Pick an industry: newspapers, say. Untold thousands of jobs have been destroyed and they will not come back. Yes, new jobs will be created by entrepreneurs — that is precisely why I teach entrepreneurial journalism. But in the net, the news industry — make that the news ecosystem — will employ fewer people in companies. There will still be news but it will be far more efficient, thanks to the internet.

Take retail. Borders. Circuit City. Sharper Image. KB Toys. CompUSA. Dead. Every main street and every mall has empty stores that are not going to be filled. Buying things locally for immediate gratification will be a premium service because it is far more efficient — in terms of inventory cost, real estate, staffing — to consolidate and fulfill merchandise at a distance. Wal-Mart isn’t killing retailing. Amazon is. Transparent pricing online will reduce prices and profitability yet more. Retail will be more efficient.”

We’re rapidly approaching a future where big business simply won’t need anywhere near as many people as it used to. However, if people don’t have jobs, they can’t spend money – and what happens to the economy then? What happens to us?

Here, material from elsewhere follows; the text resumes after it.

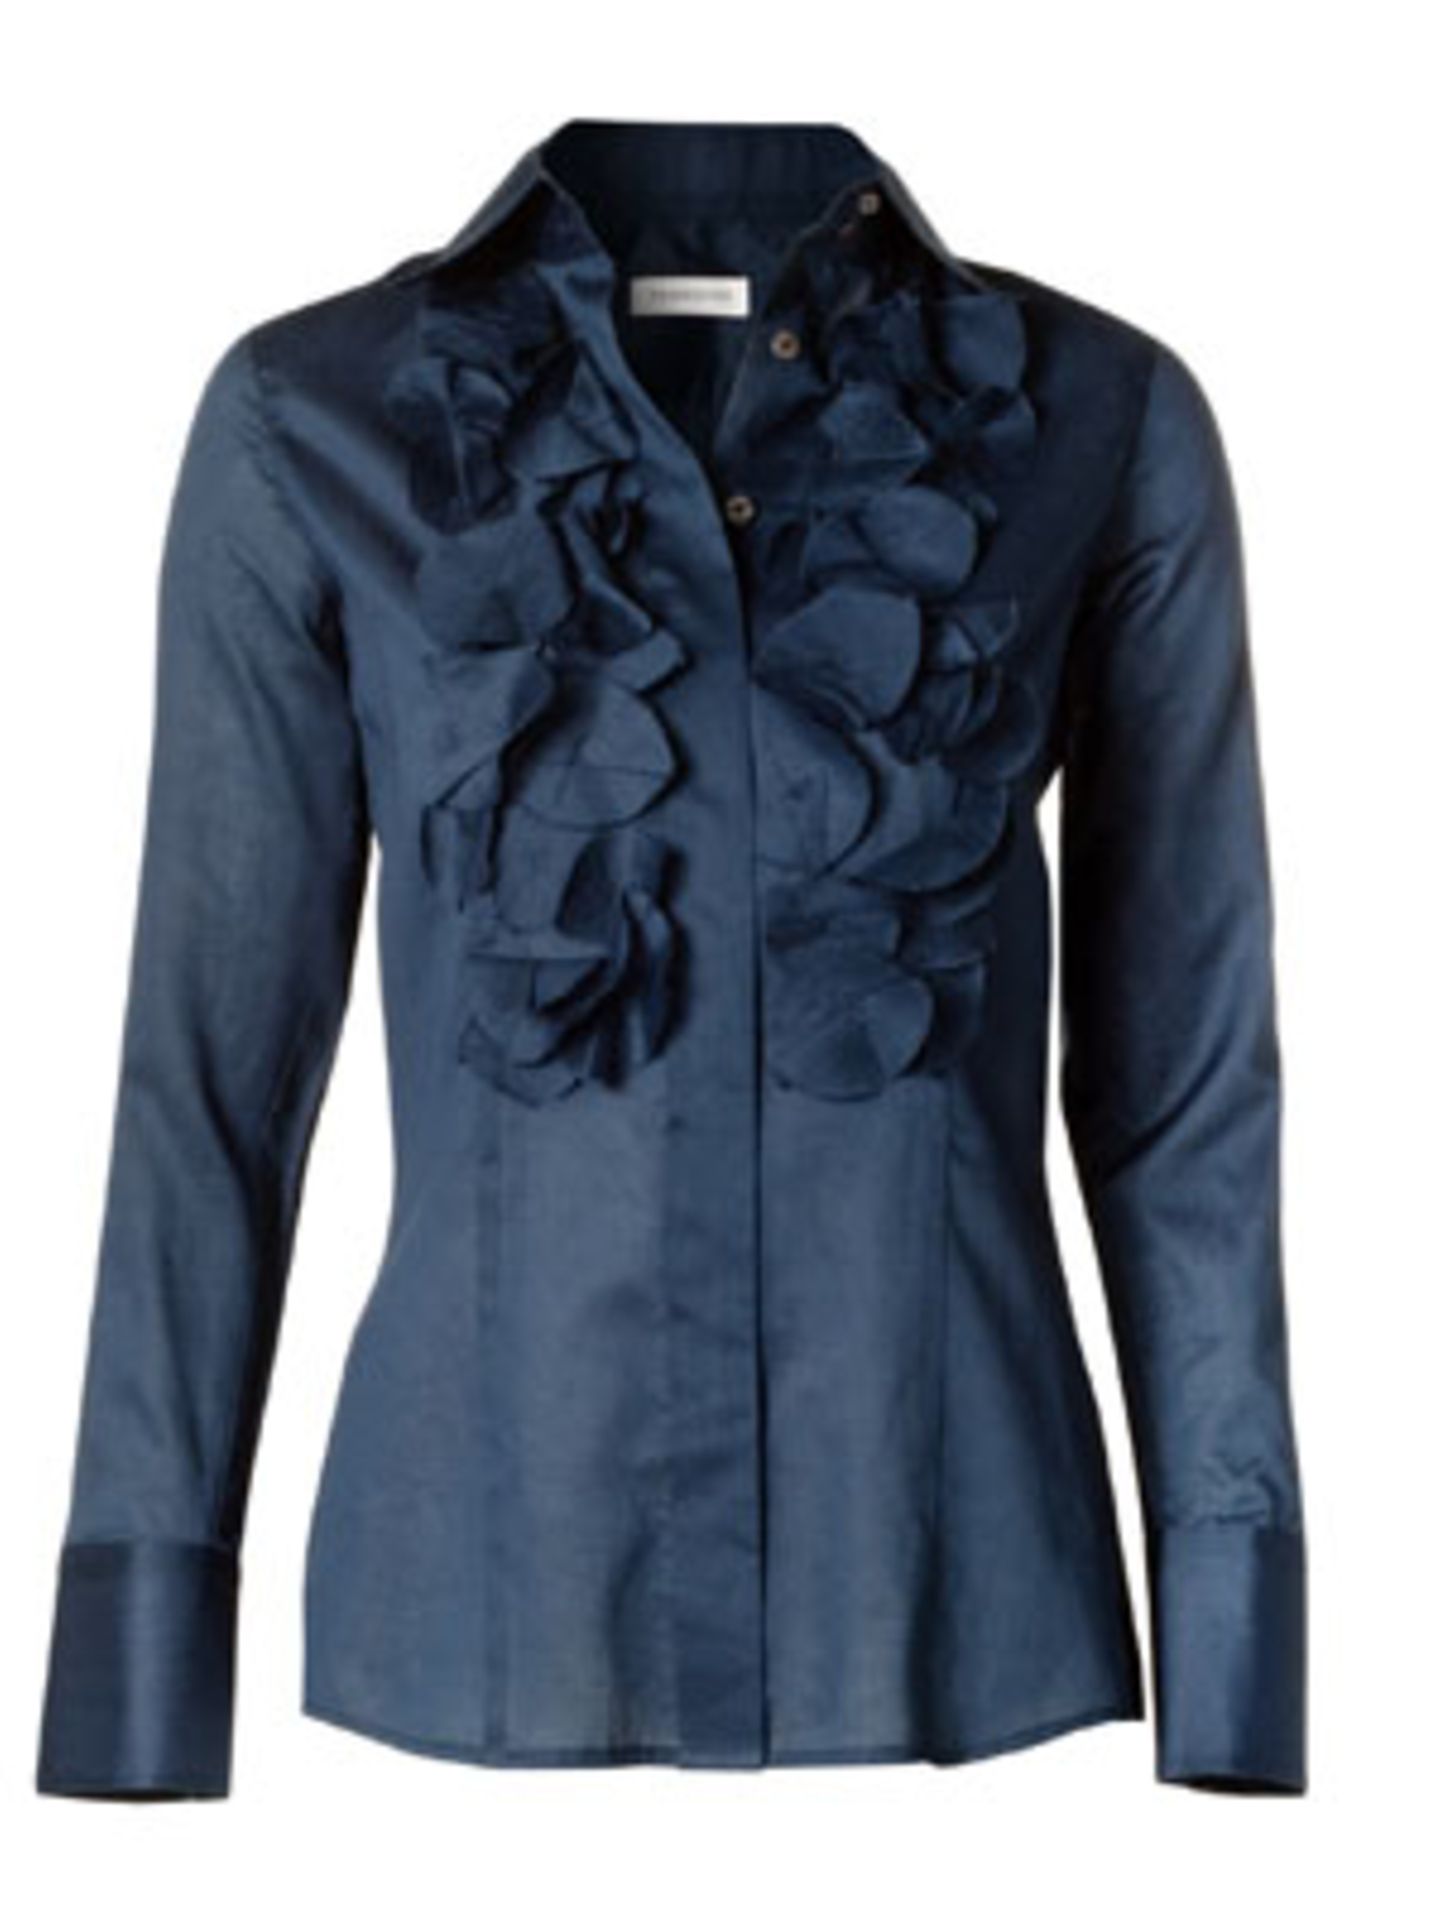 Leichte Bluse in dunklem Blauton mit Rüschen von Turnover, um 90 Euro.

Self-service labor markets like the websites we’ve detailed here are one way that people can make money directly from each other. While none of the startups we’ve mentioned here pretend that they’re offering participants anything more than the chance of a little extra income (there are no promises of being able to make a full-time living from them), they are clearly well positioned to capitalize on a future where many more of us may need to become self-employed  service providers, offering whatever skills we have directly to those who need them.

There’s no telling what the future of the economy holds, but peer-to-peer transactions look set to be a big part of it, simply by necessity. However, while we can expect more startups like the ones above to emerge to tackle the supply side of this equation, the unknown quantity remains demand. Do enough people want to buy services directly from others to make businesses like these viable on a large scale? That’s the gamble that the likes of Skillshare and TaskRabbit are taking.